Song
- English title: Prussia's Glory
- Written: 1871
- Composer: Johann Gottfried Piefke

Audio sample
- Recording of Preußens Gloria from the 1920sfile; help;

= Preußens Gloria =

1871 German military march

Preußens Gloria, Prussian Army March Collection II, p. 240, is a well-known military march of the 19th century, composed by Johann Gottfried Piefke (1817–1884).

== History ==

=== Origins ===
"Preußens Gloria" ("The Glory of Prussia" or "Prussia's Glory") was written in 1871 after the Kingdom of Prussia's victory in the Franco-Prussian War, which led to the unification of the German states into the new Prussian-led German Empire. As part of the victory parade of the returning troops, the march was performed for the first time in public in Frankfurt an der Oder, where Piefke's garrison was based. As Piefke only performed it on important occasions, the march was unknown to a broader public for a long time. In 1909 the manuscript of the almost forgotten tune turned up and was reworked by army-musical inspector Theodor Grawert. Shortly afterwards it was included in the collection of Prussian army marches.

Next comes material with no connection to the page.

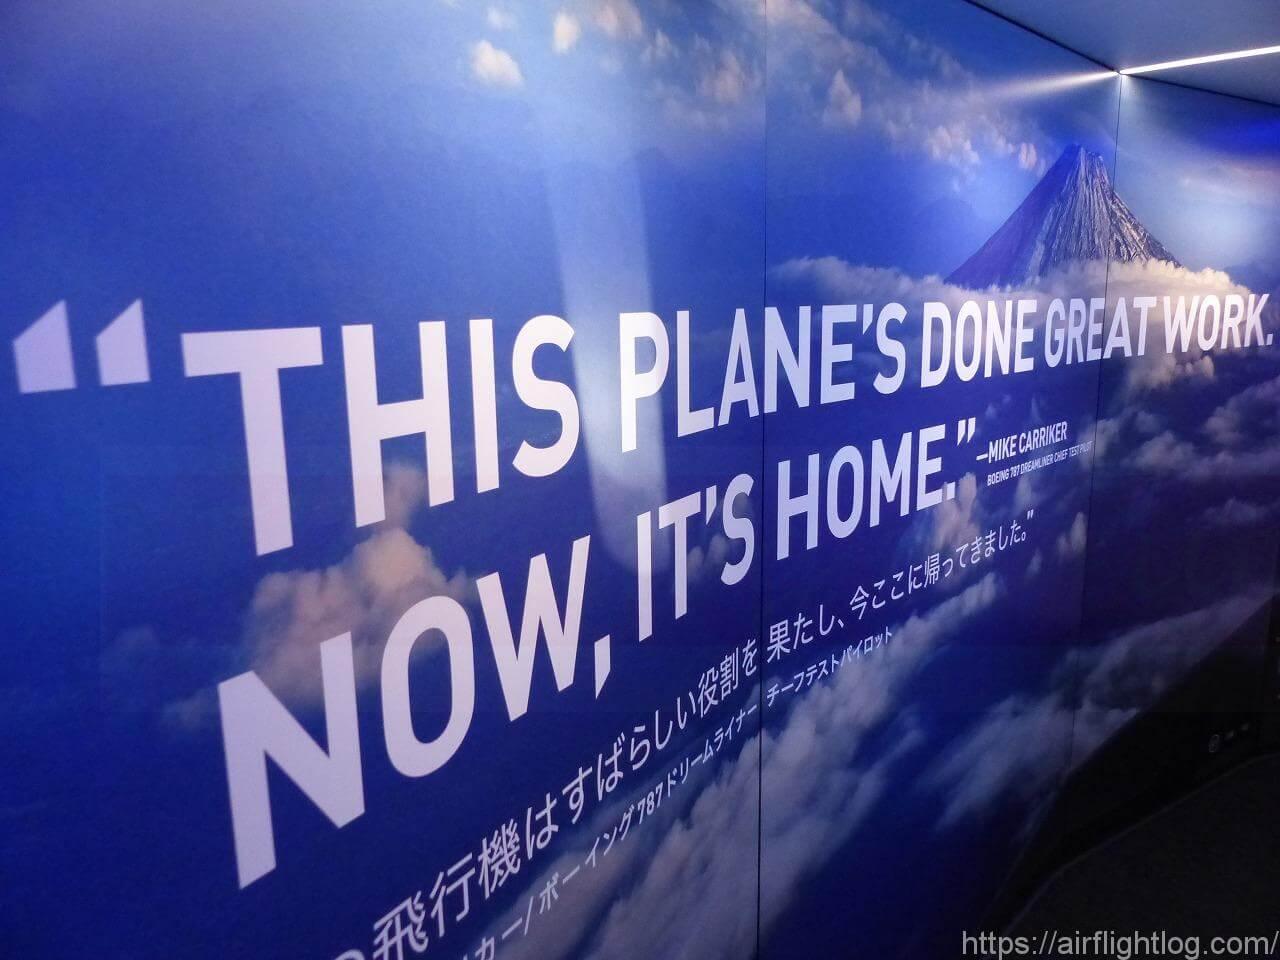 「FLIGHT OF DREAMS(フライト・オブ・ドリームズ)」ボーイング787初号機内部背面
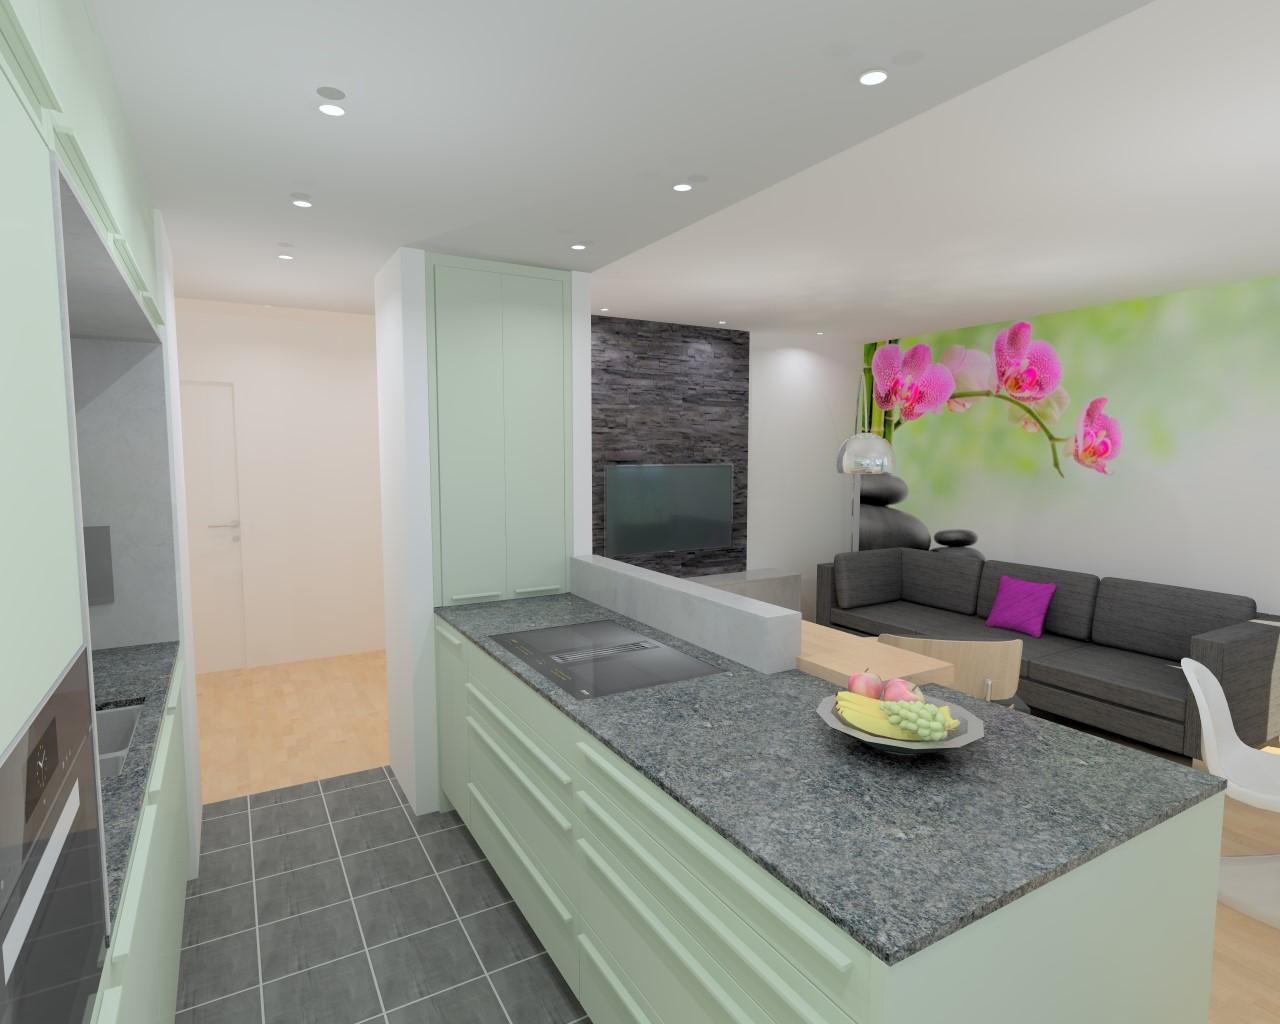 k chenwerkstatt amberg le corbusier vert anglais p le. Black Bedroom Furniture Sets. Home Design Ideas

East Germany officially banned the march due to its connotation of Prussian militarism.

=== Present ===
Today it is one of the best known German army marches. It is often played by the Bundeswehr (lit. 'Federal Defence') at official ceremonies and state visits. It is also a standard tune in many international military bands. In Germany it is often played by non-professional bands due to its popularity. It has also been adopted by units in other armies, for example in Great Britain by the First Squadron, Honourable Artillery Company. The song is often played by marching bands in Northern Ireland. Also, it is played in military parades by the Chilean Army. It is also played by the Royal Swedish Army Band and the British Army.

== Music ==

It is performed in D major and trio in G major.